I was leafing absentmindedly through her bundle of papers when Marina stopped me.

“Look—there’s a photo! I found it in the book of poems.”

Even in the photocopy you could see some detail—wide forehead, aquiline nose, neat beard. “That’s not him either,” I finally replied.

“Are you positive?”

I gave her a stern look, but it was mixed with tenderness. I really didn’t want to offend her again. I realized what a great deal of effort she had gone to on my account, and it meant more to me than she could know.

“I am,” I began, “for two reasons—one: Fovel looks to be around sixty, and I doubt that I’d confuse him with someone half his age. Second: Even if some of Teodosio’s features are similar to Fovel’s, those ears are definitely not, nor is the chin.”

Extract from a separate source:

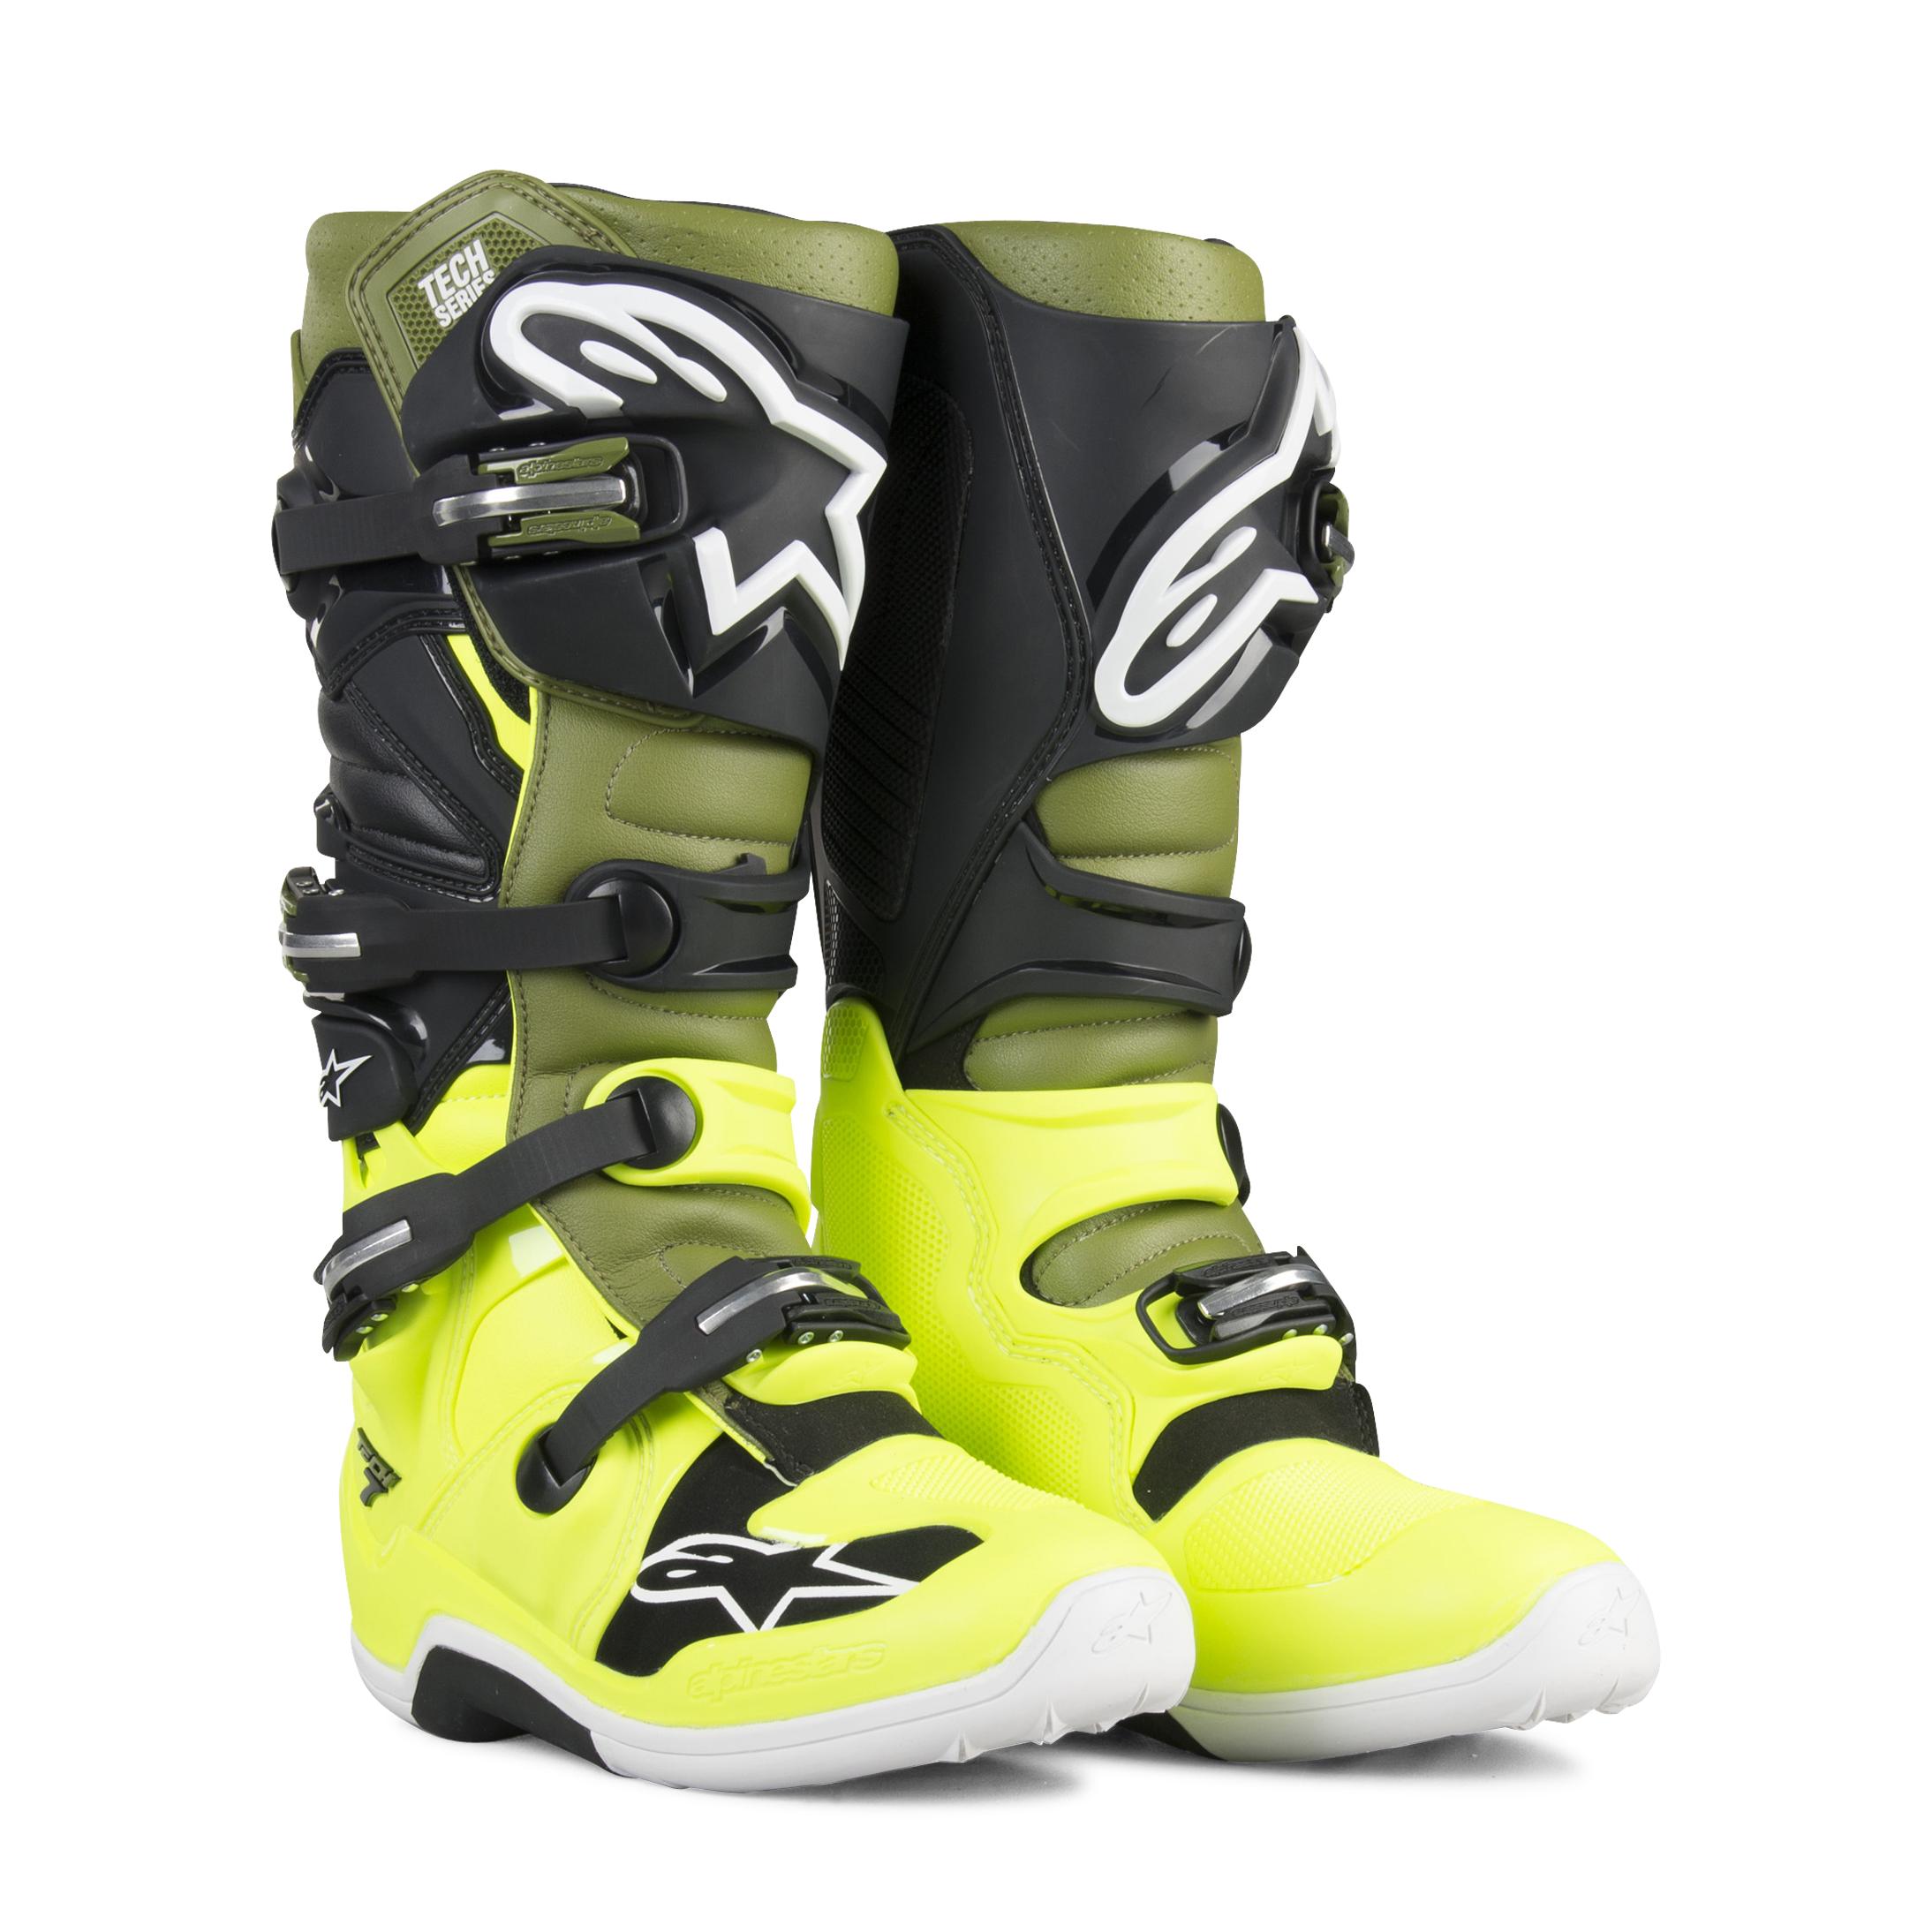 Alpinestars Stivali Cross  Tech 7 Giallo Fluo-Verde-Nero

“Well in that case,” she replied, “there’s only one way left for us to find out his real identity.” Undaunted, Marina took hold of my hand to emphasize what she was about to say. “Ask him!”

I was shocked. “Ask him what? If he’s a ghost? If his name is really Teodosio?”

“Fine,” she smiled. “If you won’t, then take me with you. Since you neglected to take me to meet Lucia Bosè, the least you can do is introduce me to this Master of yours.”

I put my other hand on top of hers. “You know, I think you’re crazy.”